Question 4: best selling products
Problem description
The merchant sales record table t5 contains the following fields:
- Seller ID: seller_id
- Buyer ID: buyer_id
- Item ID: item_id
- Item quantity: num
It is required to calculate the goods with the highest sales volume of each seller, and the output information includes the following contents:
Seller id | Item id | Total sales of items |
---|
Problem analysis
This is a group ranking problem, which needs to be grouped according to sellers to calculate the products with the highest sales volume. Such questions use Window function The most convenient solution, for example:
-- Create sample table CREATE TABLE t5 (seller_id int, buyer_id int, item_id int, num int); INSERT INTO t5 VALUES (1, 11, 1, 100), (1, 12, 1, 200), (1, 12, 2, 300); INSERT INTO t5 VALUES (2, 11, 1, 100), (2, 12, 3, 200); -- Calculate the item with the highest sales volume for each seller WITH sales AS ( SELECT seller_id, item_id, sum(num) AS ss FROM t5 GROUP BY seller_id, item_id ), sales_rank AS ( SELECT seller_id, item_id, ss, rank() OVER (PARTITION BY seller_id ORDER BY ss DESC) AS rk FROM sales) SELECT * FROM sales_rank WHERE rk = 1; seller_id|item_id|ss |rk| ---------+-------+---+--+ 1| 1|300| 1| 1| 2|300| 1| 2| 3|200| 1|
First, the WITH Clause defines two common table expressions.
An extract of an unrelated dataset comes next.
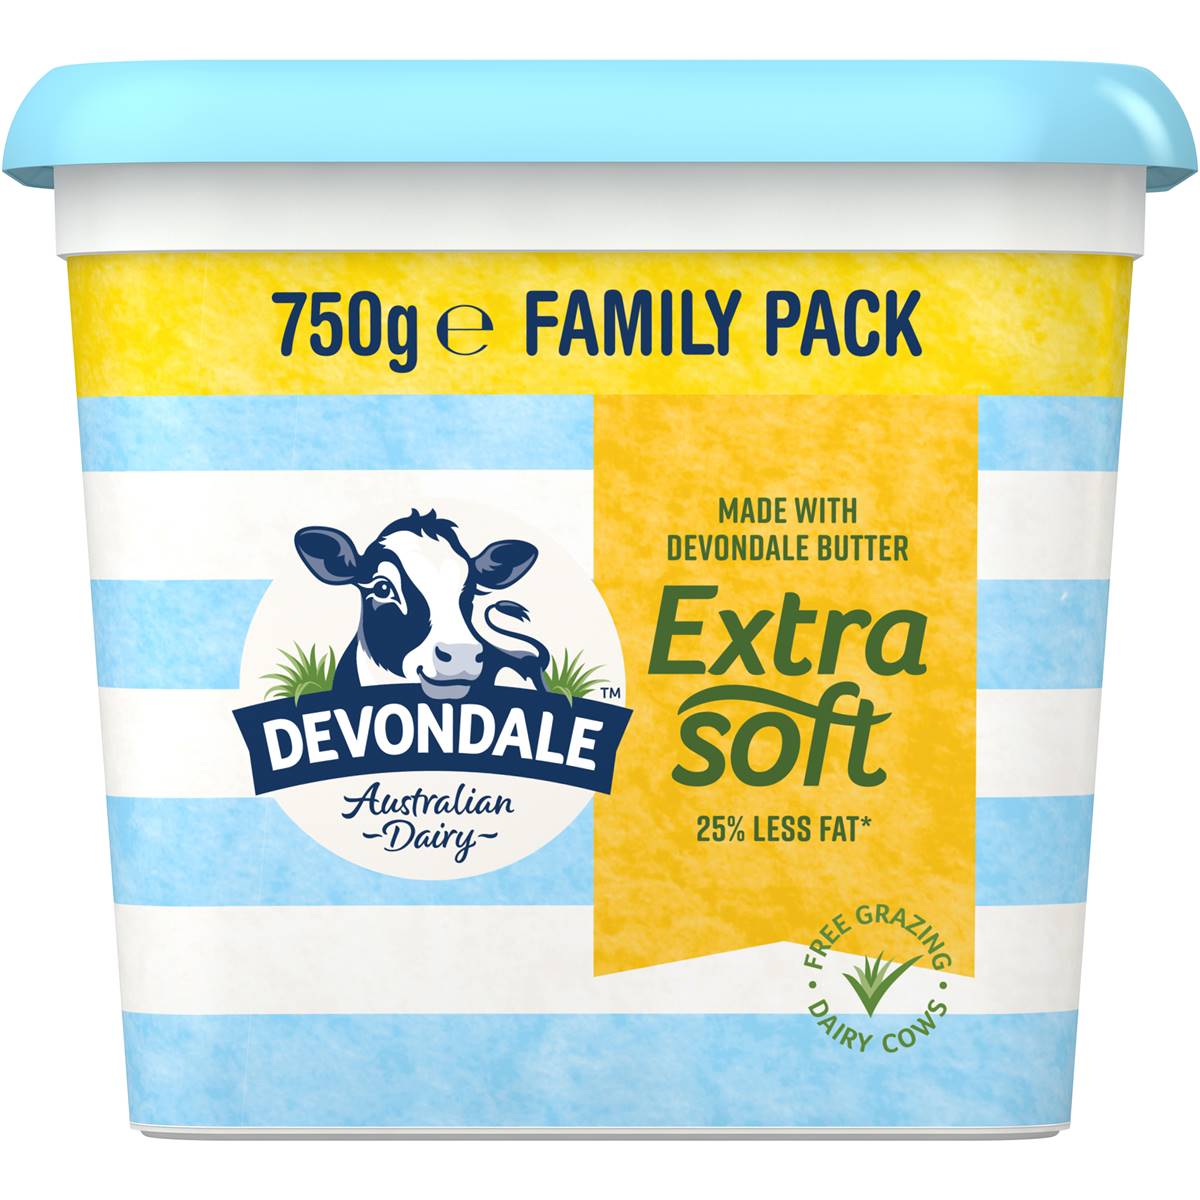 Devondale Extra Soft Butter Family Pack 750g
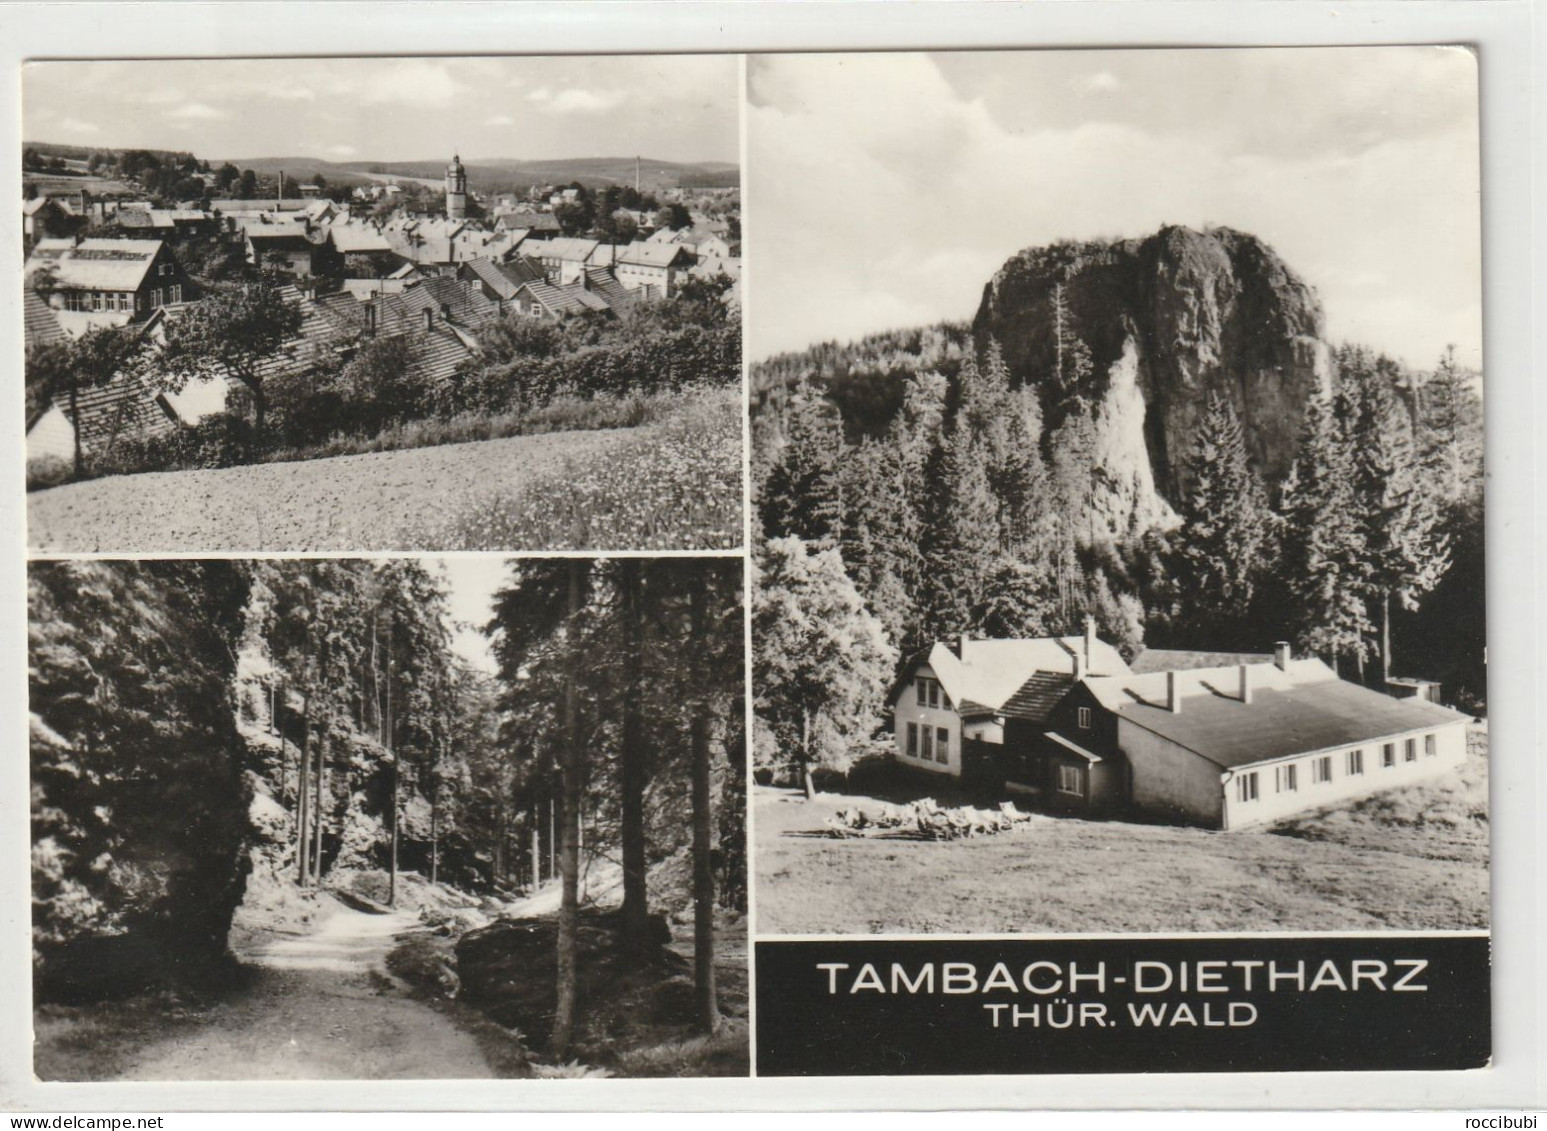 Tambach-Dietharz - Tambach-Dietharz

Sales includes the total sales of each seller and each item_ Rank calculates the sales ranking of different items of the same seller based on this sales. The last query statement returns the highest ranked product.
Seller 1's sales of item 1 and item 2 are the same, so two records are returned.
summary
For the data analysis post, mastering SQL grouping aggregation, CASE expression and window function is the basic requirement. With the introduction of MySQL 8.0, it makes all this easier.